Lo abrió y le mostró a Bond el contenido.

—Acaba de llegar. Un Frankel and Kleist S1962 —dijo Eugene con tono reverente.

Sacó la caja del rifle, la recámara y el cañón de sus huecos acolchados y montó el arma, a la que le añadió la mira telescópica.

—Rifle de cerrojo, de un tiro. Calibre cincuenta, gatillo de doble acción y dos kilos de presión.

Bond lo alzó y se lo llevó al hombro. Era de un negro mate y sorprendentemente liviano. Apoyó el carrillo contra la pieza protectora de la mejilla y apuntó a través de la ventana al letrero de una tienda, al otro lado de la calle.

—Si mantiene en funcionamiento la iluminación del retículo de la mira, puede disparar esta maravilla en plena noche, se lo aseguro —dijo Eugene.

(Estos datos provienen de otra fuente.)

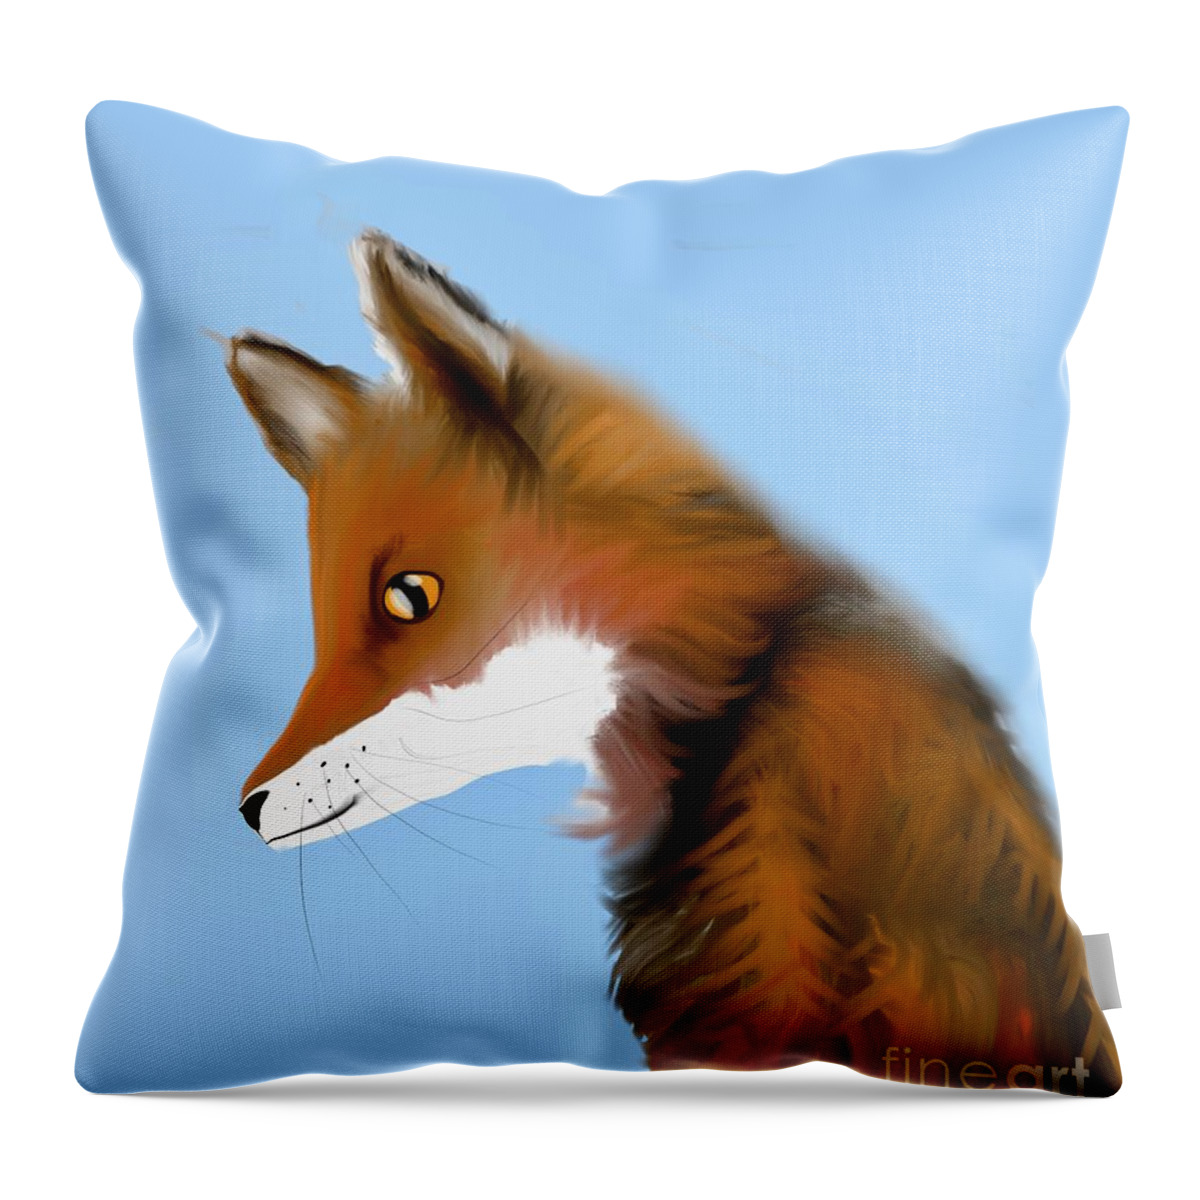 Fox Throw Pillow featuring the digital art The fox by Elaine Rose Hayward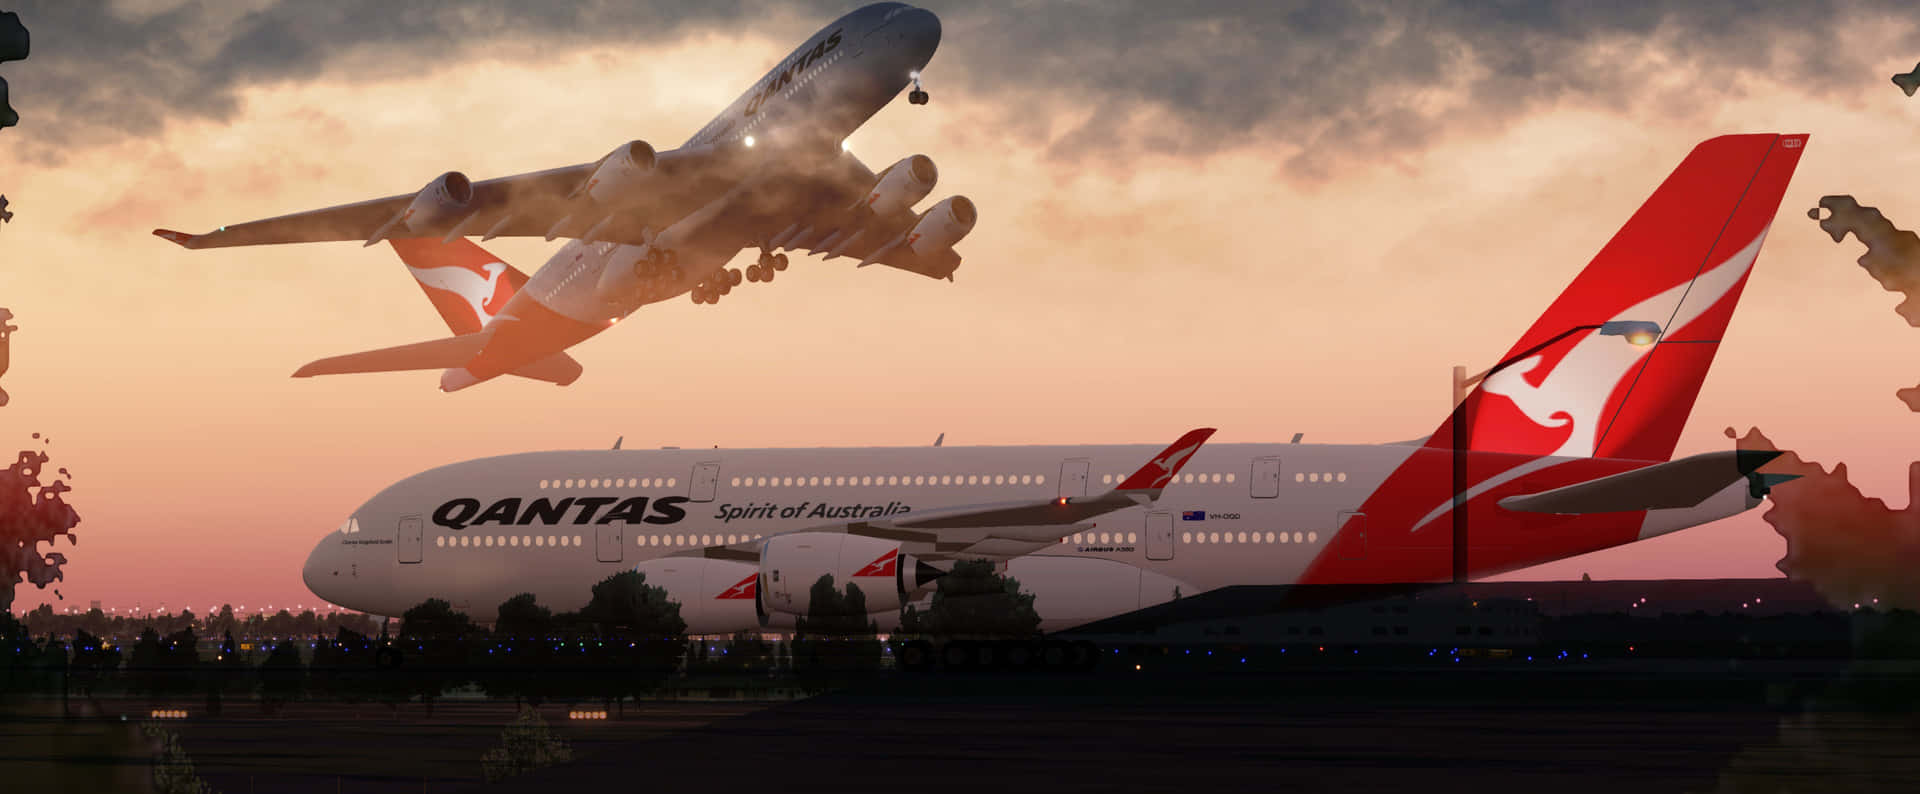 Qantasairways Boeing 747 Planet Över 4k Ultra Hd Wallpaper

—Perfecto —repuso Bond—. Me lo llevo.

—¿Cuál es su objetivo? —preguntó el hombre con una sonrisa de complicidad—. ¿Un vecino?

Bond rió.

—Un alce —dijo sin pensar.

—No encontrará muchos alces por aquí. Pero tal vez tenga suerte.

—Buscaré bien.

Compró las armas y la munición correspondiente, mostró su pasaporte de Bryce Fitzjohn y rellenó la documentación necesaria, poniendo como dirección la de su hotel, el Fairview. No por primera vez en su vida, se maravilló de la sencillez con que uno se armaba en el país de la libertad.